The Imam is the centre of a wheel.

Movement radiates from him, around the clock. His son, Khalid, enters his sanctum bearing a glass of water, holding it in his right hand with his left palm under the glass. The Imam drinks water constantly, one glass every five minutes, to keep himself clean; the water itself is cleansed of impurities, before he sips, in an American filtration machine. All the young men surrounding him are well aware of his famous Monograph on Water, whose purity, the Imam believes, communicates itself to the drinker, its thinness and simplicity, the ascetic pleasures of its taste. ‘The Empress,’ he points out, ‘drinks wine.’ Burgundies, clarets, hocks mingle their intoxicating corruptions within that body both fair and foul. The sin is enough to condemn her for all time without hope of redemption. The picture on his bedroom wall shows the Empress Ayesha holding, in both hands, a human skull filled with a dark red fluid. The Empress drinks blood, but the Imam is a water man. ‘Not for nothing do the peoples of our hot lands offer it reverence,’ the Monograph proclaims. ‘Water, preserver of life. No civilized individual can refuse it to another. A grandmother, be her limbs ever so arthritically stiff, will rise at once and go to the tap if a small child should come to her and ask, pani, nani. Beware all those who blaspheme against it. Who pollutes it, dilutes his soul.’
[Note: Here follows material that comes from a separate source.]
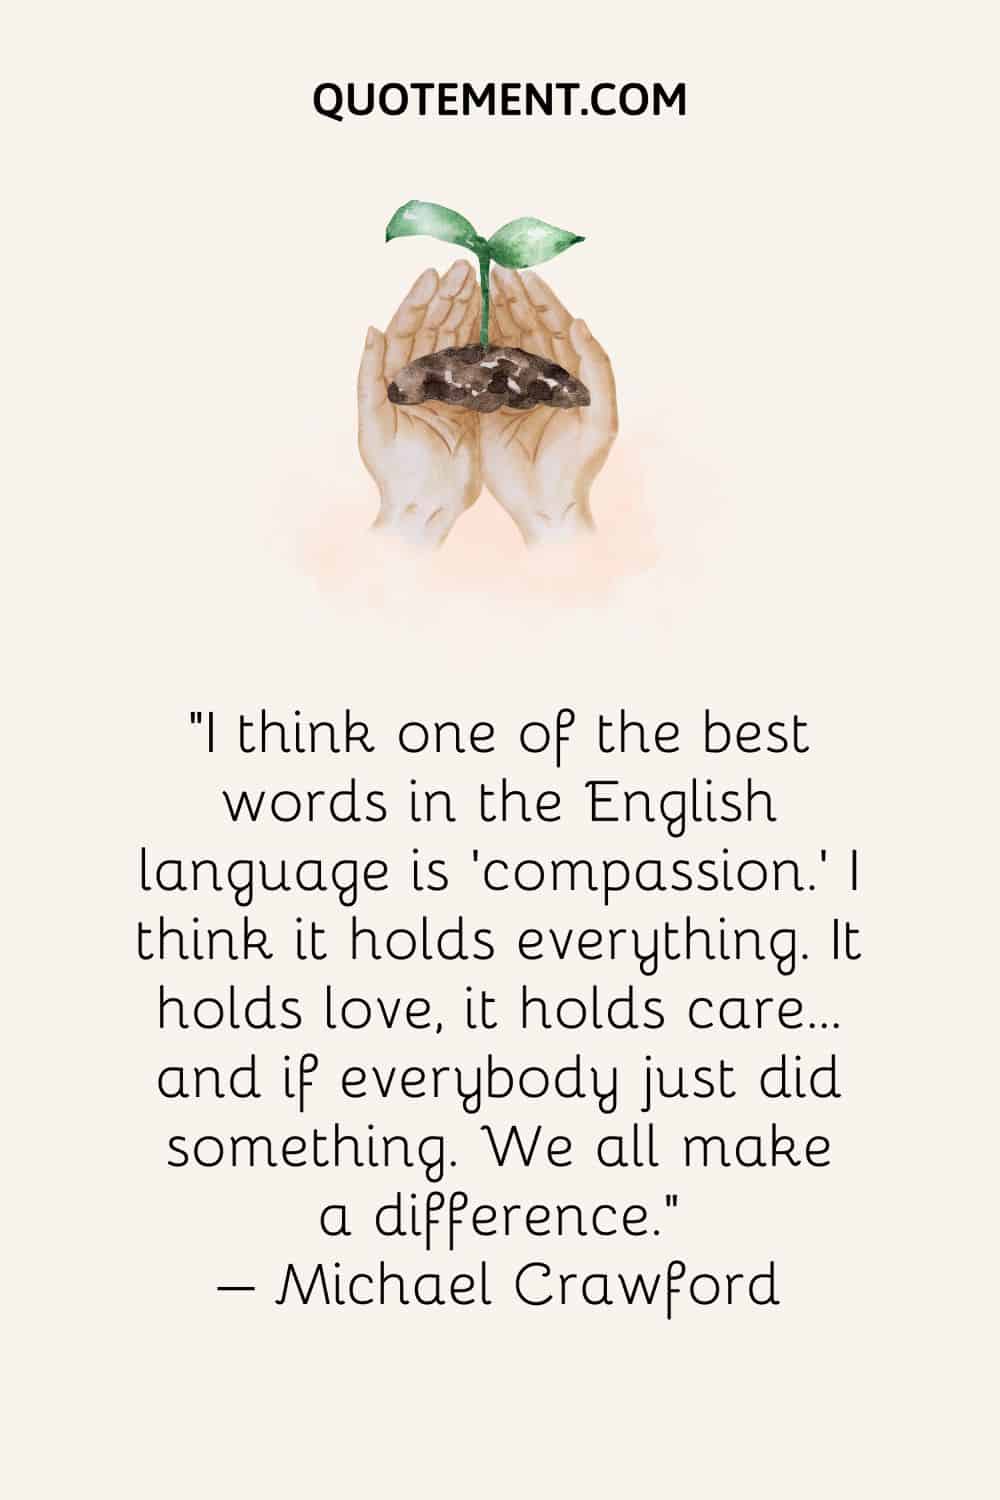 I think one of the best words in the English language is 'compassion.'

The Imam has often vented his rage upon the memory of the late Aga Khan, as a result of being shown the text of an interview in which the head of the Ismailis was observed drinking vintage champagne. O, sir, this champagne is only for outward show. The instant it touches my lips, it turns to water . Fiend, the Imam is wont to thunder. Apostate, blasphemer, fraud. When the future comes such individuals will be judged, he tells his men. Water will have its day and blood will flow like wine. Such is the miraculous nature of the future of exiles: what is first uttered in the impotence of an overheated apartment becomes the fate of nations. Who has not dreamed this dream, of being a king for a day? – But the Imam dreams of more than a day; feels, emanating from his fingertips, the arachnid strings with which he will control the movement of history.

No: not history.

His is a stranger dream.

*

His son, water-carrying Khalid, bows before his father like a pilgrim at a shrine, informs him that the guard on duty outside the sanctum is Salman Farsi. Bilal is at the radio transmitter, broadcasting the day's message, on the agreed frequency, to Desh.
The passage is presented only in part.